The judgment of the evaluators is central. Last year, facial recognition software startup AnyVision gave reviewers celebrity examples: former baseball greats Derek Jeter as Type IV, model Tyra Banks as V, and rapper 50 Cent as VI. .
AnyVision told Reuters it agreed with Google’s decision to review the use of the TSP, and Facebook said it was open to better measures.
Microsoft Corp (MSFT.O) and smartwatch manufacturers Apple Inc (AAPL.O) and Garmin Ltd (GRMN.O) refer to FST when working on health-related sensors.
But the use of FST could fuel “false assurances” about smartwatch heart rate readings on darker skin, clinicians at the University of California at San Diego wrote, inspired by the movement for the. social equality Black Lives Matter, in the journal Sleep last year.
Microsoft has recognized the shortcomings of FST. Apple said it is testing on humans across skin tones using various measures, only sometimes FST among them. Garmin said that due to extensive testing, he believes the readings are reliable.
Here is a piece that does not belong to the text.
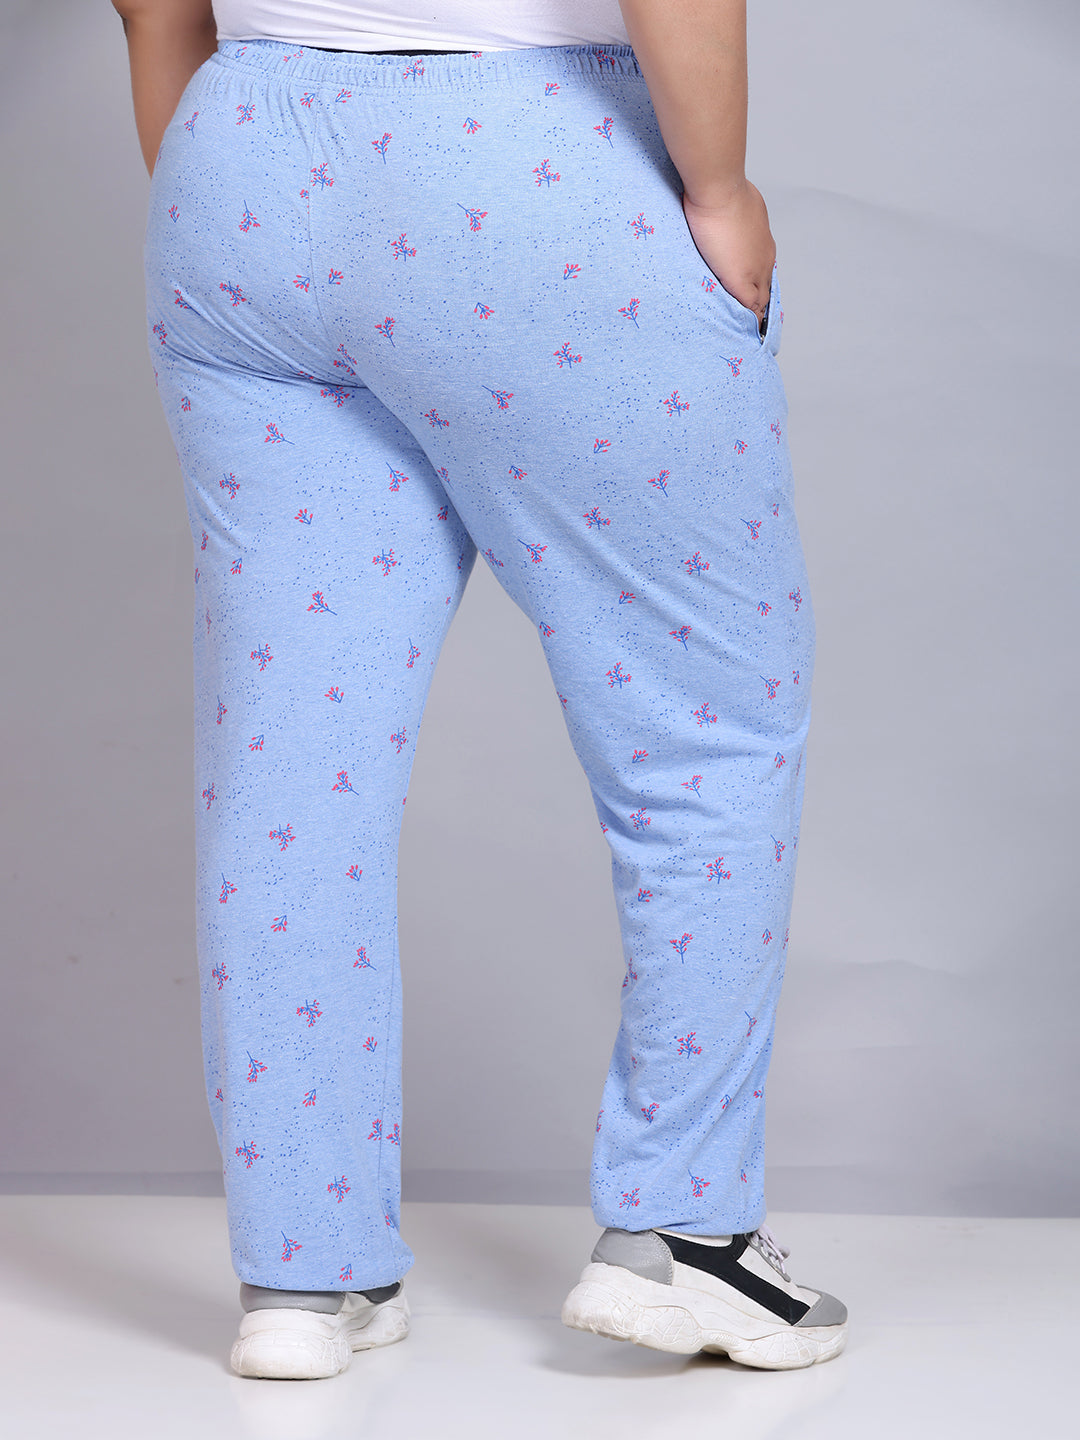 CUPID Plus Size Regular Fit Printed Cotton Comfortable Night Pants, Lowers  for Women- 3XL/4XL/5XL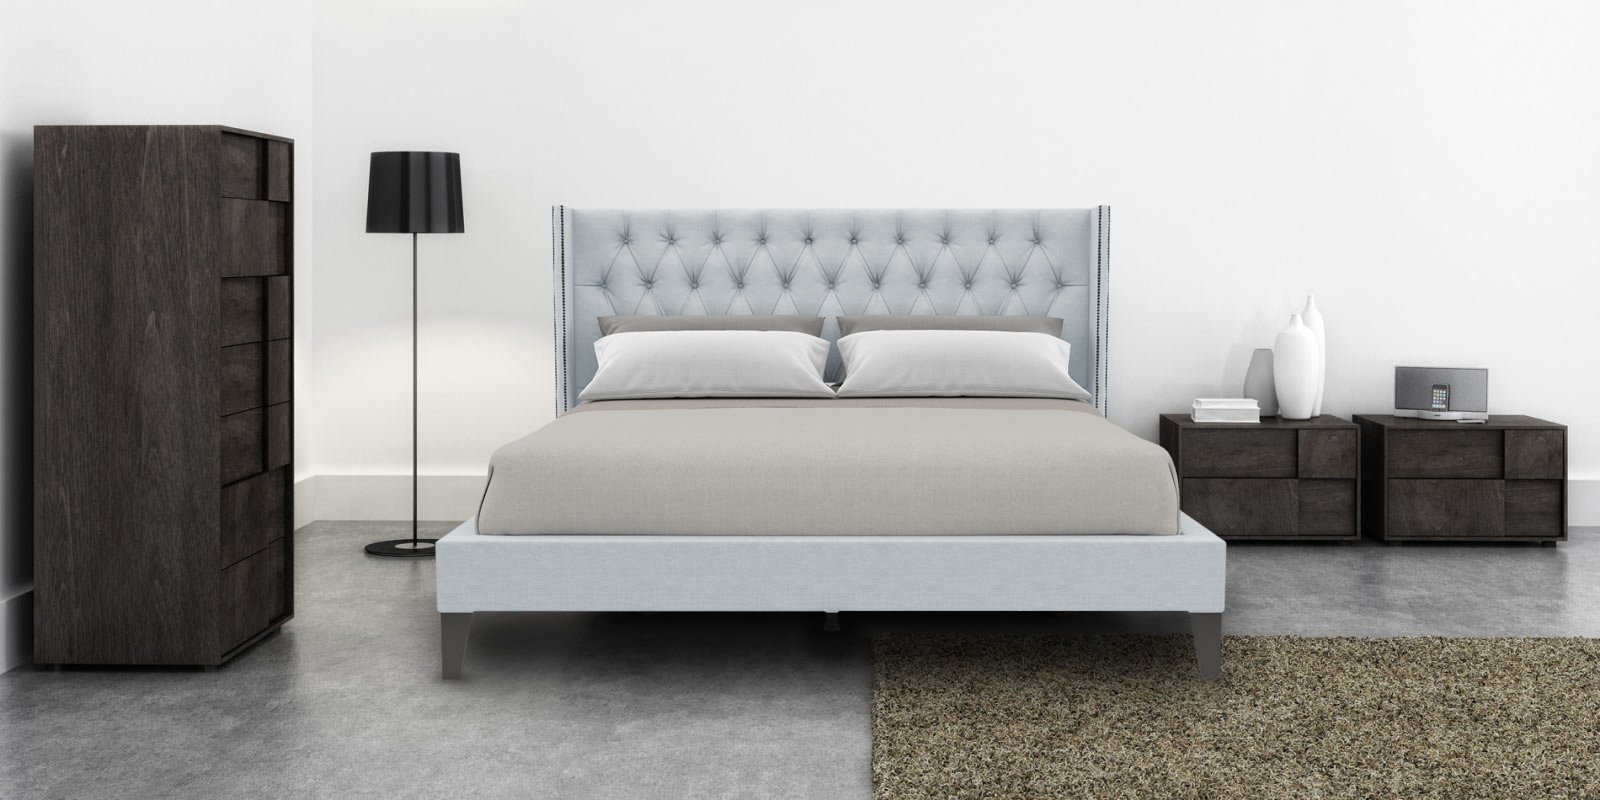 Home Treats Deluxe Padded Leather Bed Frame Double, No Mattress Modern Curved Upholstered Bed With Slatted Base Available With Pocket Sprung Mattress

Victor Casale, who founded makeup company Mob Beauty and helped Crayola on the new pencils, said he had developed 40 shades of foundation, each different from the other by about 3%, enough for that most adults can tell.
Color accuracy on electronics suggests technology standards should have 12-18 tones, he said, adding, “You can’t just have six.”
Reporting by Paresh Dave; Editing by Jonathan Weber and Lisa Shumaker
Our Standards: The Thomson Reuters Trust Principles.